All Cincinnati alleys should have such dedicated champions. But perhaps, with Spring in Our Steps, they all do.


SPRING IN OUR STEPS presents the Dead End Film Festival Friday at Coral and Drum alleys in Over-the-Rhine. More info: springinoursteps.com.
PHOTO: HAILEY BOLLINGER

Ten Interesting Alleys

Christian Huelsman, co-founder and executive director of Spring in Our Steps, finds these 10 Cincinnati alleys especially interesting.

Colby Alley (Over-the-Rhine)

An extensive granite block alley with a view of Rhinegeist (formerly a Christian Moerlein bottling plant) that runs behind structures from the former Moerlein empire and ends at the foot of the old Jackson Brewery/Metal Blast Building. From Eton Place to West McMicken Avenue.

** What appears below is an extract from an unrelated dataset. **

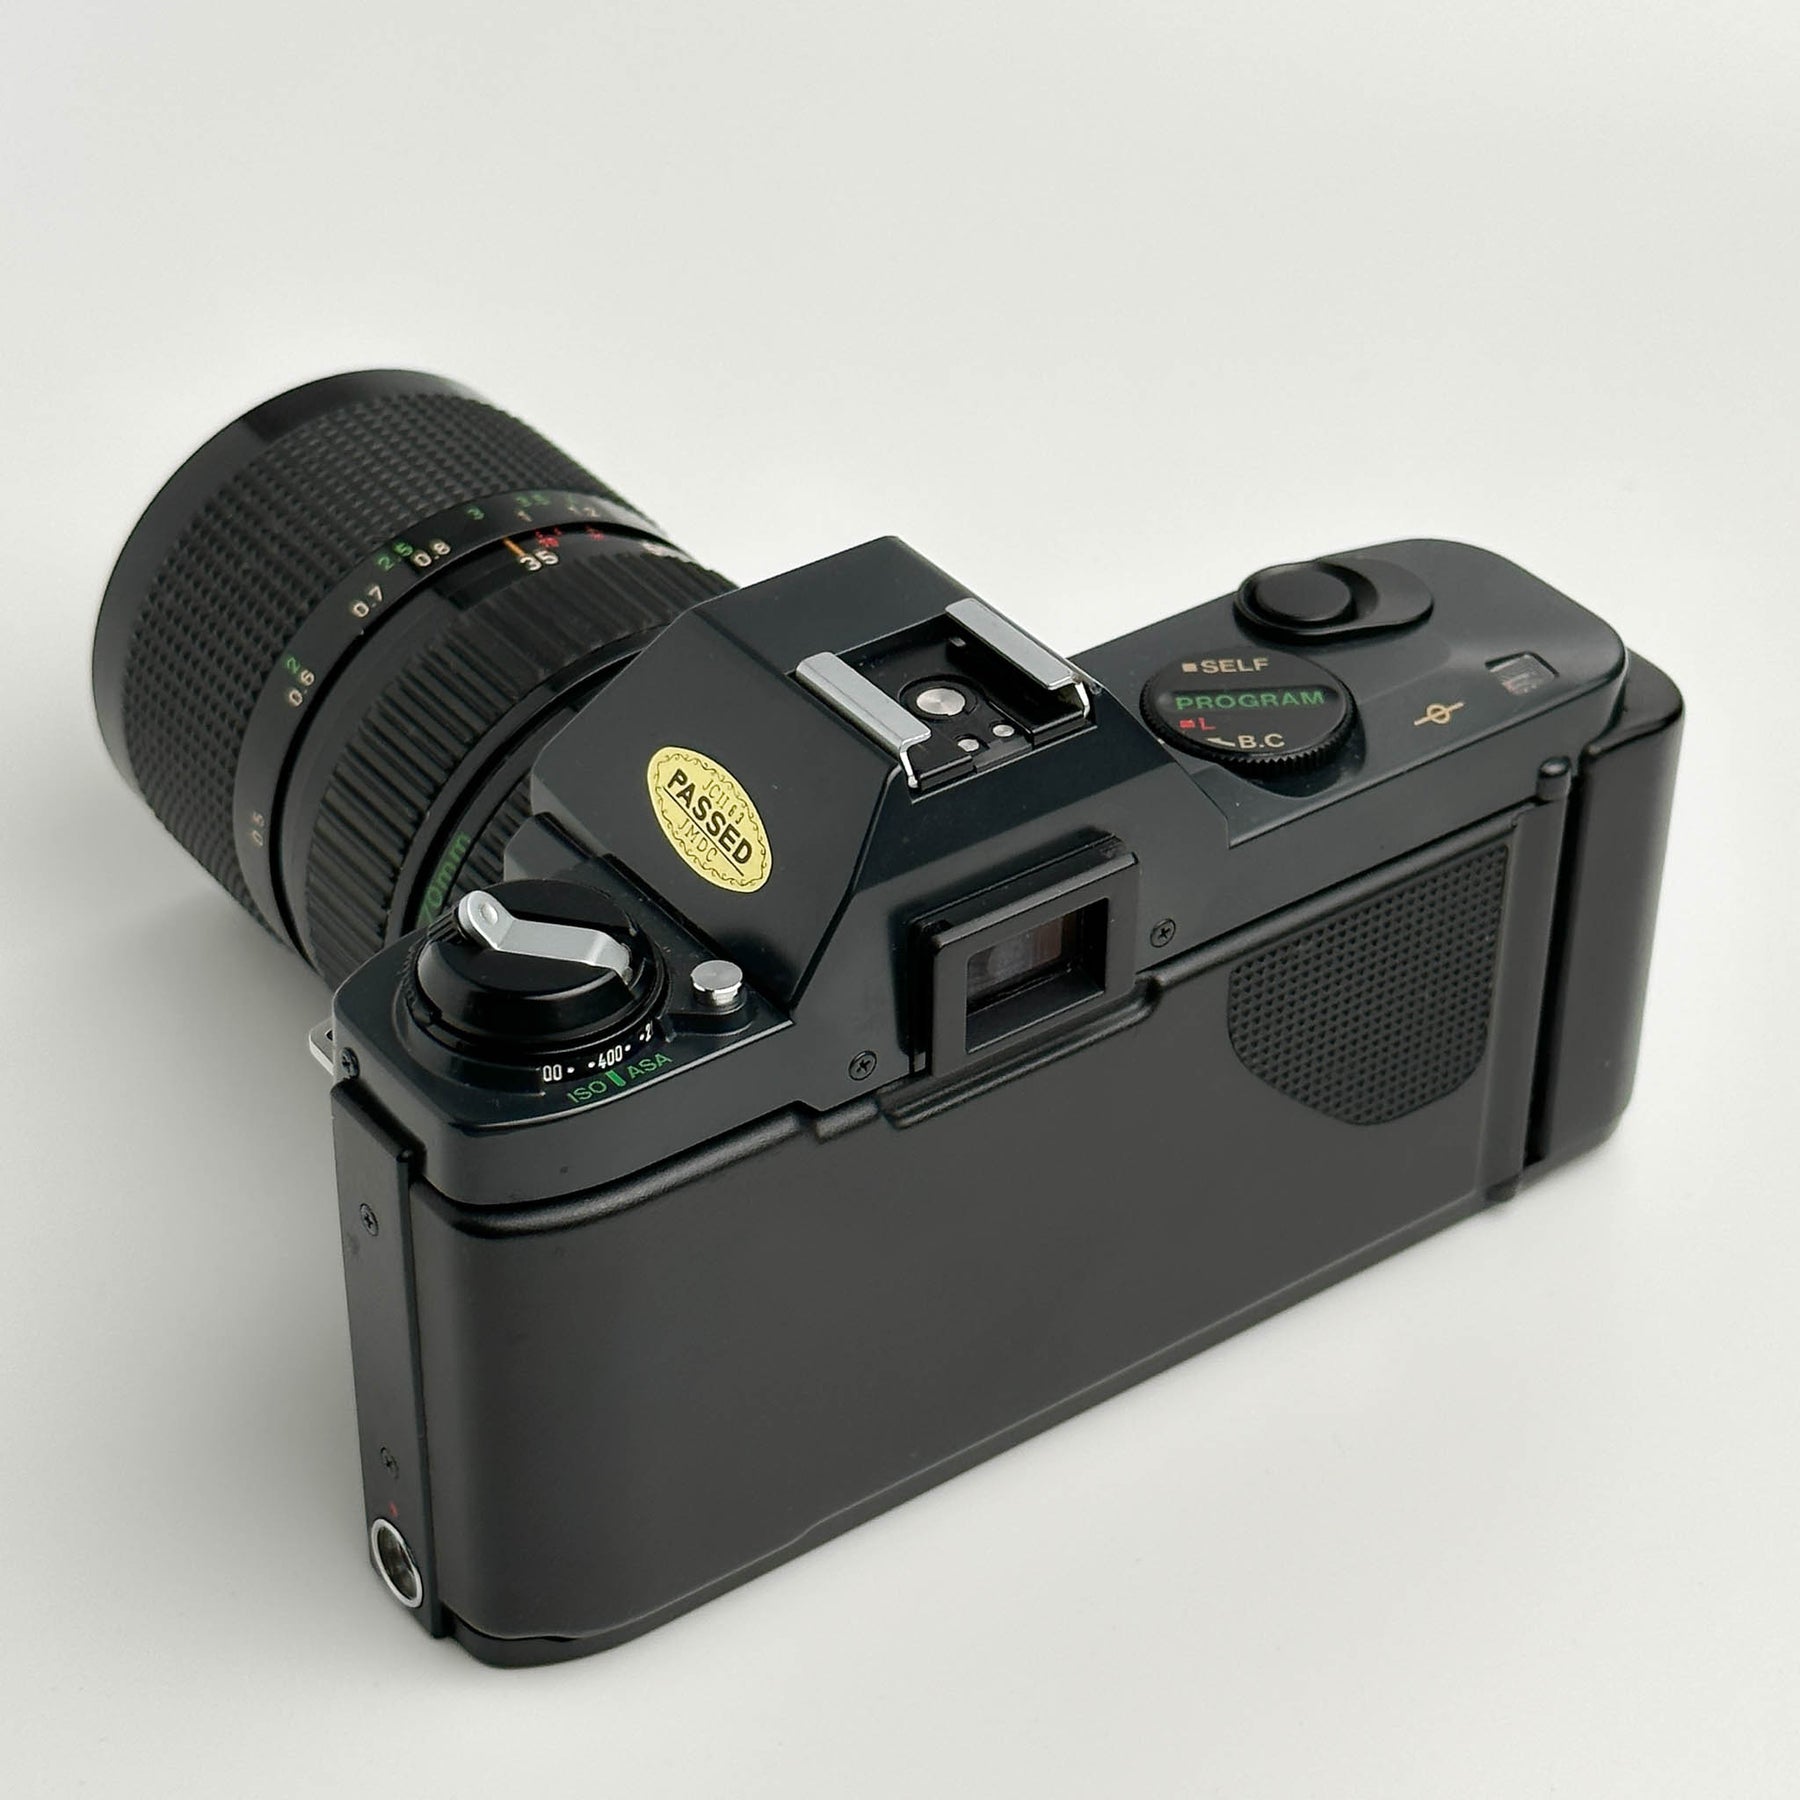 Analog Box N°30 - Canon T50 & FD 35-70mm f/4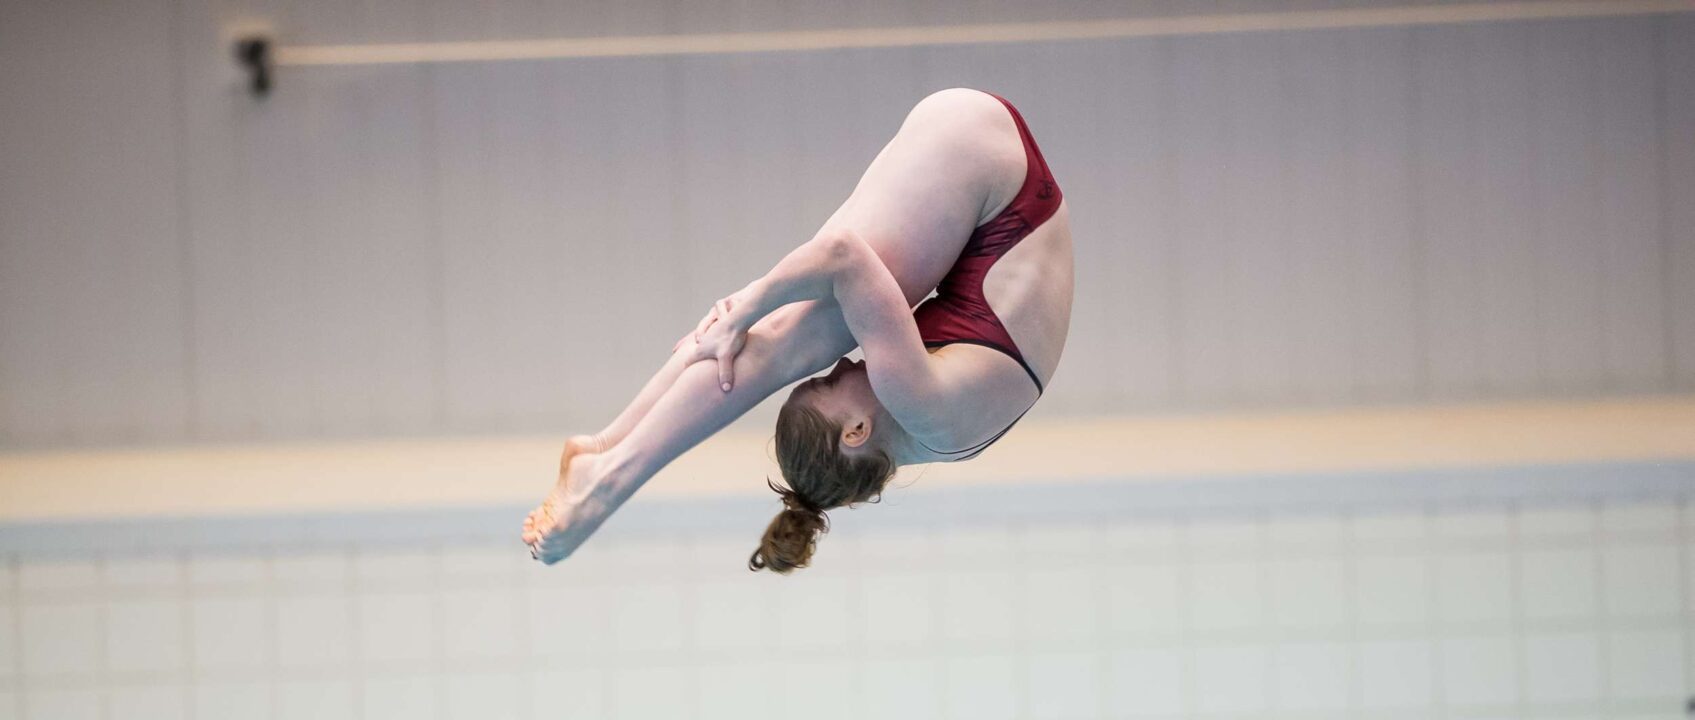 South Carolina’s Brooke Schultz Earns Bronze At FINA Diving World Cup

Combs Alley (Camp Washington) 

Zigzags and angles of settled brick that weave through Camp Washington’s well-loved northern half, from Valley Park and the World War I Doughboy statue to the interstate. From Bates Alley to Massachusetts Avenue.

Corn Alley (West End)

A rare exhibition of cobblestone paving terminating at the rear of the historic Lafayette-Bloom School building. From Freeman Avenue to its eastern terminus.

Fortview Alley Steps (Mount Adams)

A picturesque alley stairway featuring two beautiful homes with exclusive access via steps. From Hill Street to Fortview Place.

Goetz Alley (Over-the-Rhine)

Spanning nearly the full depth of OTR south of Liberty Street and running parallel to Main Street, it offers an intimate neighborhood experience with a window into the city’s lush hillsides. From Michael Bany Way to Liberty.

Pope Alley (Northside)

A popular walking route beginning with a piazza at the business corridor and running to the Northside Children’s Playground. From Hamilton Avenue to Fergus Street.

Schorr Alley (Clifton Heights)

The lengthiest known alley without intersecting streets, it climbs steadily from the original commercial core in Clifton Heights to today’s bustling business district near the University of Cincinnati. From Warner Street to West McMillan Street.

Sharp Alley (Over-the-Rhine)

An inclined walking route with an identity crisis, it starts as a brick alley, continues with granite paving near the former Hudepohl Brewery and flows onward as an alley stairway. From Back Street to Mulberry Street.

South Wendell Alley (Mount Auburn)

From the former estate of beer baron Christian Moerlein, it travels past the dwarfing stone retaining wall and wilderness along its length and ends at a long-closed public stairway. From Mulberry Street to St. Joe Alley.

Weaver Alley (Downtown)

A nearly three-block stretch beginning at Doerr Alley that crawls under a sky bridge at The Phoenix, passes by a mix of historic and contemporary buildings along Garfield Place and goes to Plum Street and the front steps of City Hall.